Назаров встретил в Одессе знакомую женщину – невропатолога из Москвы, – и она устроила нас в этот пустой санаторий. Ландесман -весьма величественный и учтивый человек – отвел нам две небольшие белые палаты с условием, что мы будем охранять санаторий. Мы должны были следить, чтобы не рубили на дрова небольшой сад около санатория и не растаскивали по частям самый дом.

Отопление в санатории не работало, комната у меня была очень высокая, с широкими окнами, и потому маленькая железная «буржуйка», как ни старалась, никогда не могла нагреть эту комнату. Дров почти не было. Изредка я покупал акациевые дрова. Продавали их на фунты. Я мог осилить не больше трех-четырех фунтов, – не было денег.

…Я опять работал корректором в газете (название ее я позабыл) [1] . Издавал эту газету академик Овсянико-Куликовский. Работал я через два дня на третий и получал очень мало «колоколов» – так назывались тогда деникинские деньги с изображением Царь-колокола в Кремле.

Мне нравилась жизнь в гулком особняке над морем, нравилось полное одиночество и даже как будто зернистый, пахнущий морской солью холодный воздух в его стенах.

…Тогда в Одессе мной завладела мысль о том, чтобы провести всю жизнь в странствиях, чтобы сколько бы мне ни было отпущено жизни -много или мало, – но прожить ее с ощущением постоянной новизны, чтобы написать об этом много книг со всей силой, на какую я способен, и подарить эти книги, подарить всю землю со всеми ее заманчивыми уголками – юной, но еще не встреченной женщине, чье присутствие превратит мои дни и годы в сплошной поток радости и боли, в счастье сдержанных слез перед красотой мира – того мира, каким он должен быть всегда, но каким редко бывает в действительности.

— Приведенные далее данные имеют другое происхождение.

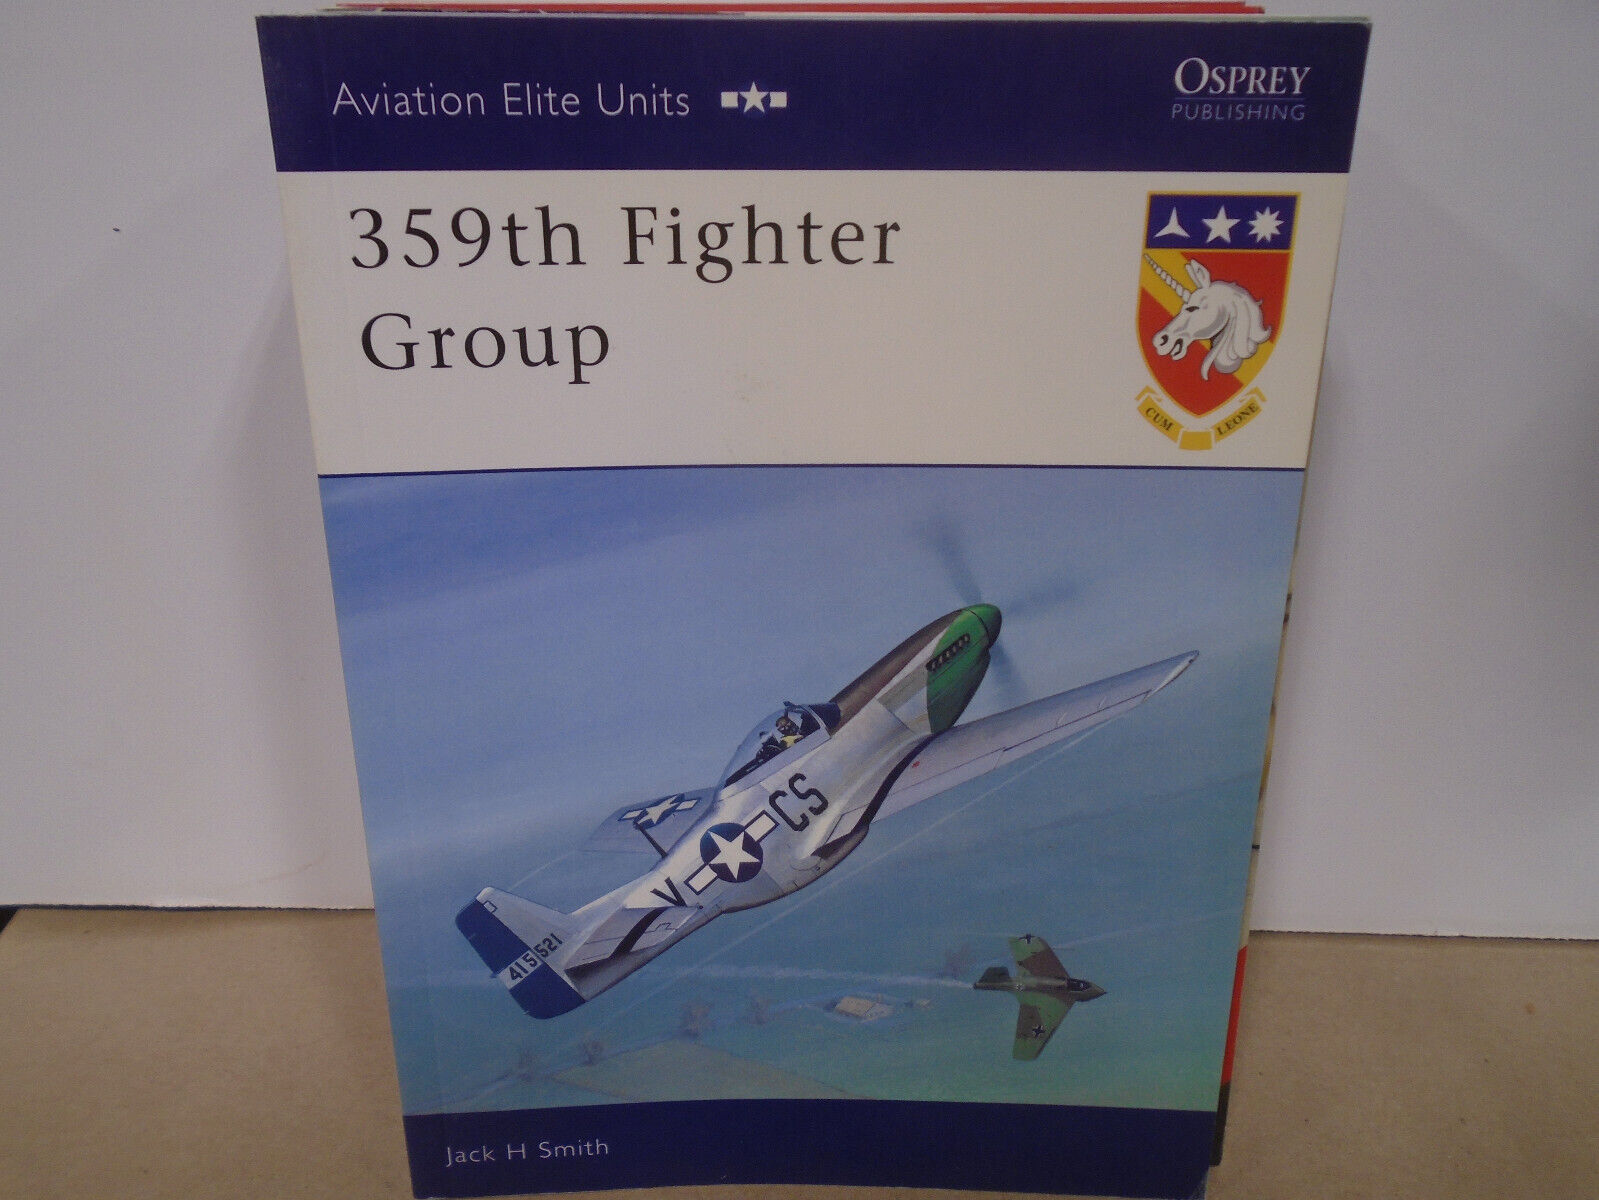 OSPREY AVIATION ELITE UNITS 10 359TH FIGHTER GROUP BY JACK H SMITH NEW CONDITION
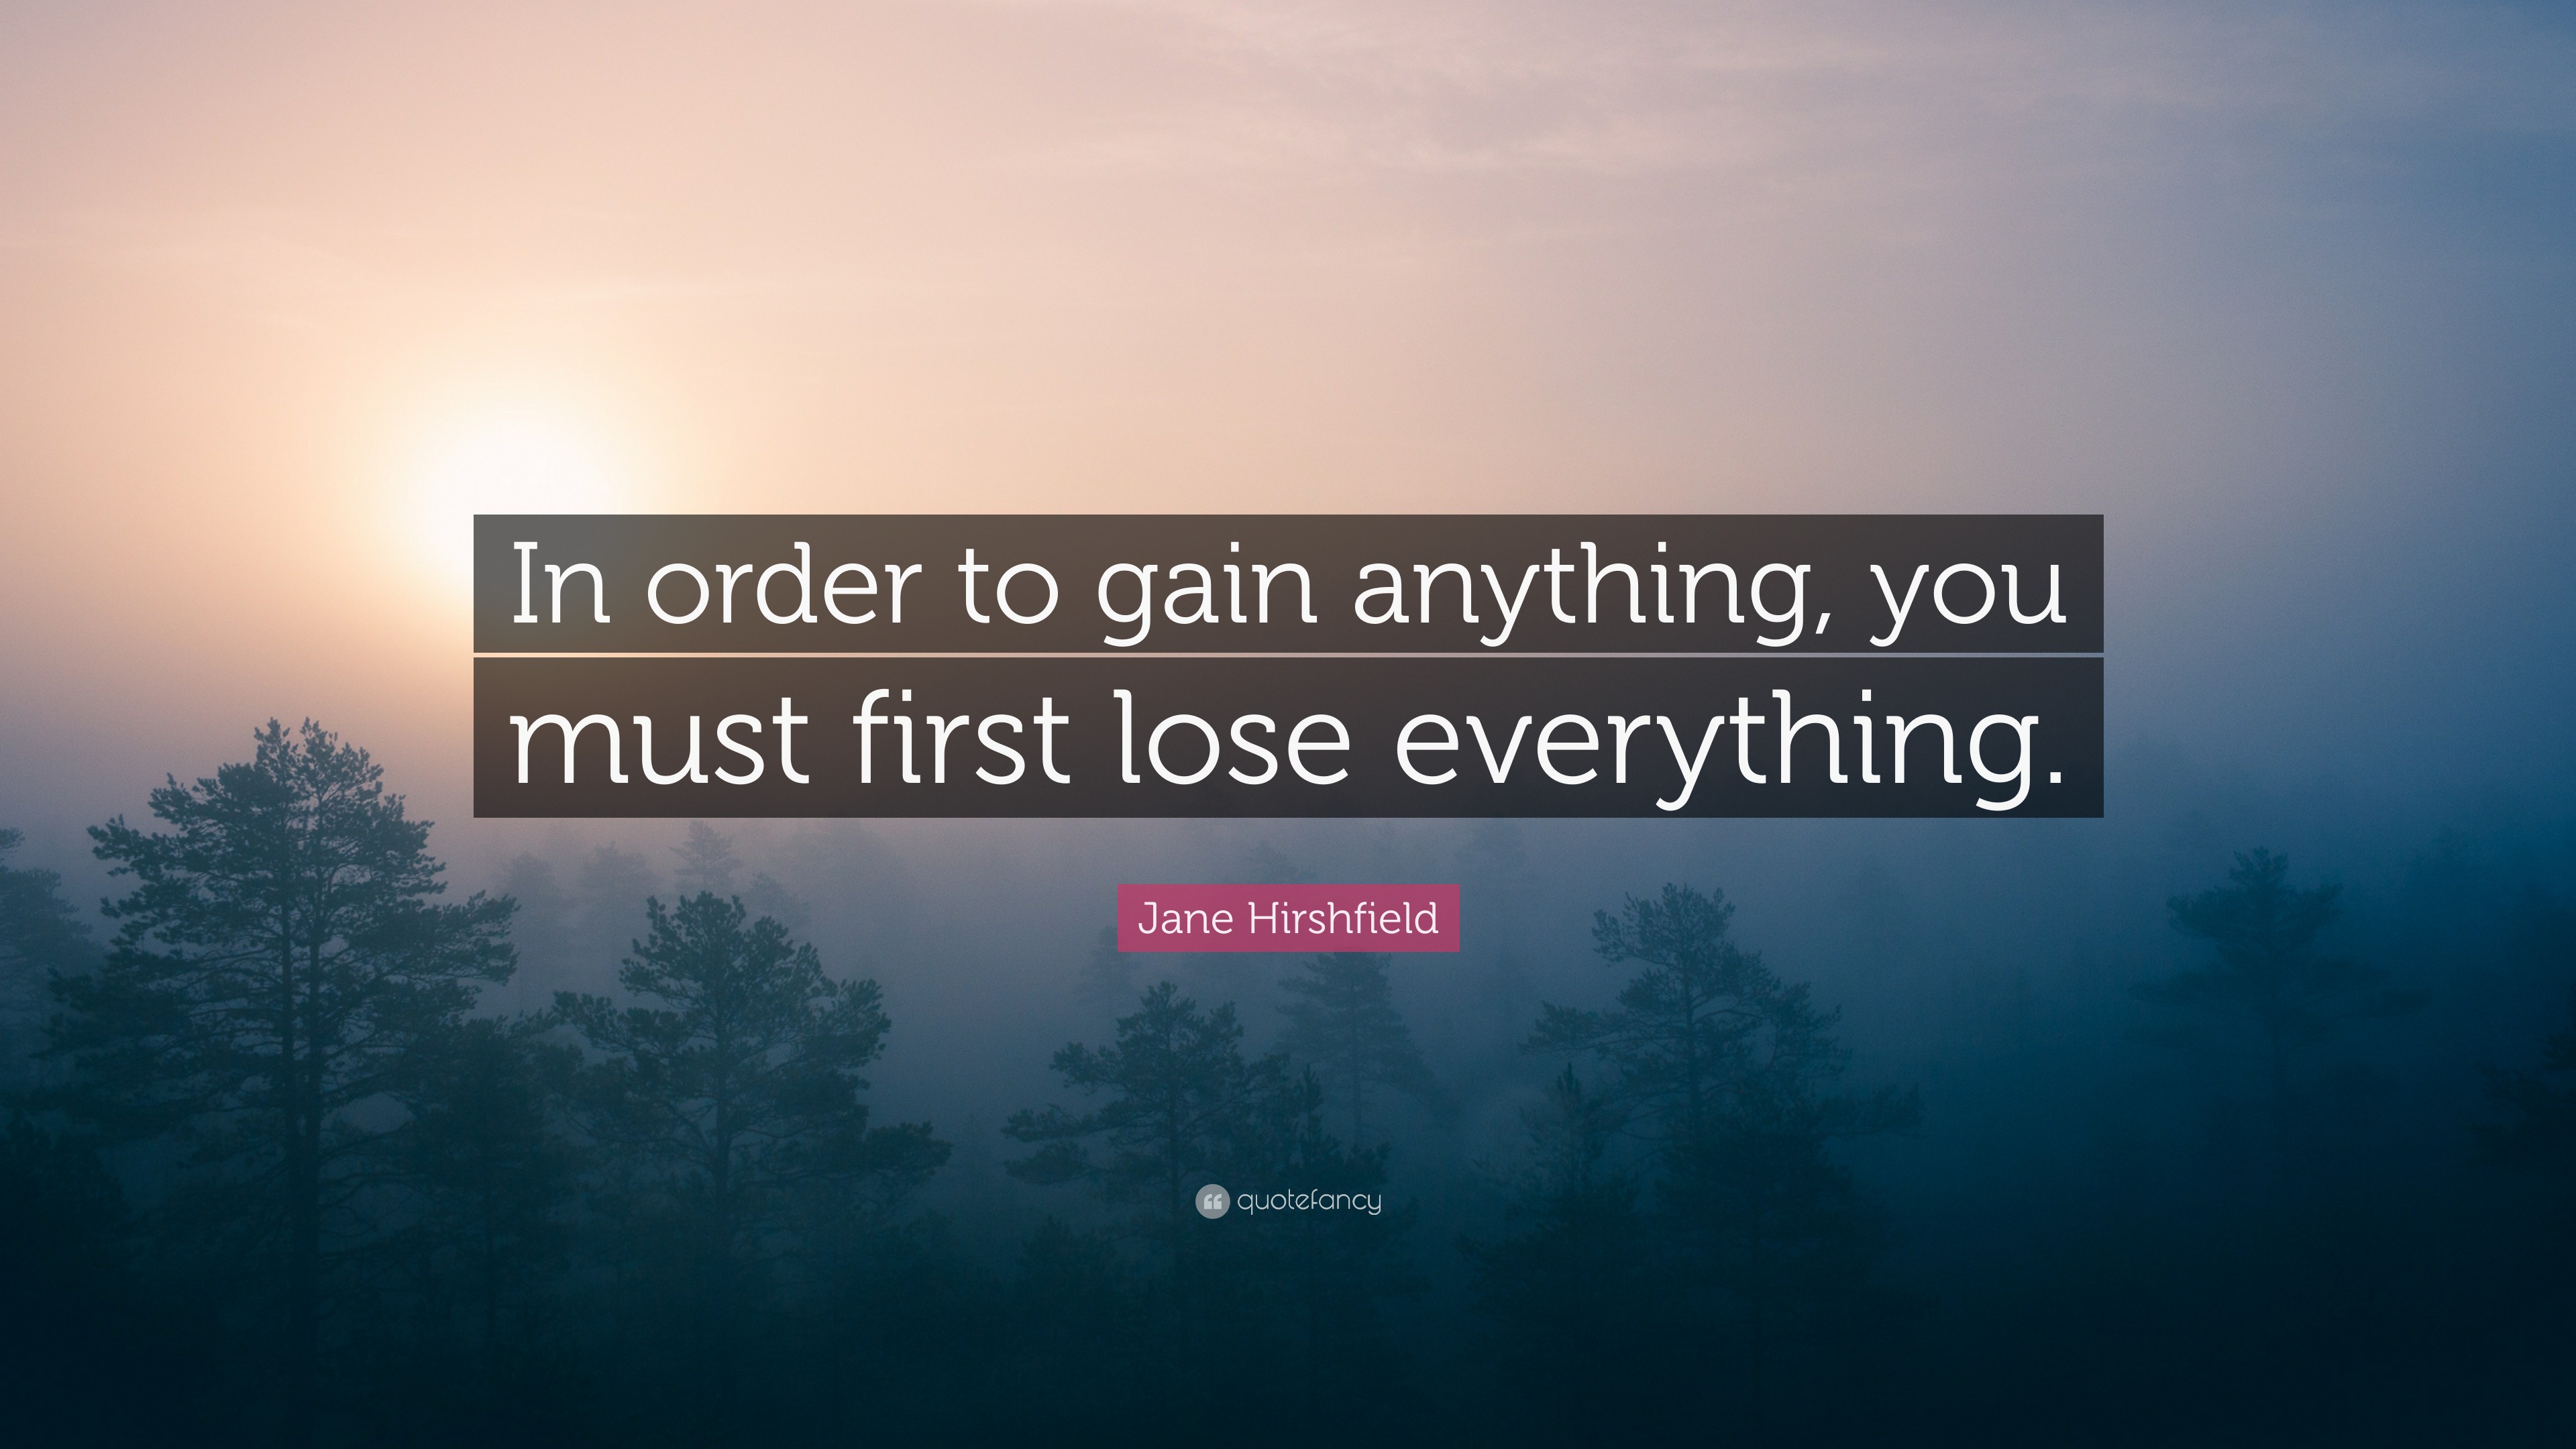 Jane Hirshfield Quote “in Order To Gain Anything You Must First Lose Everything”

…После каждого прорыва на фронте Одесса заполнялась дезертирами. Кабаки гремели до утра. Там визжали женщины, звенела разбитая посуда и гремели выстрелы, – побежденные сводили счеты между собой, стараясь выяснить, кто из них предал и погубил Россию. Белые черепа на рукавах у офицеров из «батальонов смерти» пожелтели от грязи и жира и в таком виде уже никого не пугали.

…Три тысячи бандитов с Молдаванки во главе с Мишей Япончиком грабили лениво, вразвалку, неохотно. Бандиты были пресыщены прошлыми баснословными грабежами. Им хотелось отдохнуть от своего хлопотливого дела. Они больше острили, чем грабили, кутили по ресторанам, пели, плача, душераздирающую песенку о смерти Веры Холодной:

Бедный Рунич горько плачет –
Вера лежит в гробу.

Рунич был партнером Веры Холодной. По тексту песни, Вера лежала в гробу и просила Рунича:

Голубыми васильками
Грудь мою обвей
И горючими слезами
Грудь мою облей.

Однажды я шел вечером из типографии к себе на Черноморскую с петроградским журналистом Яковом Лифшицем. Бездомный Лифшиц стал третьим жильцом санатория Ландесмана.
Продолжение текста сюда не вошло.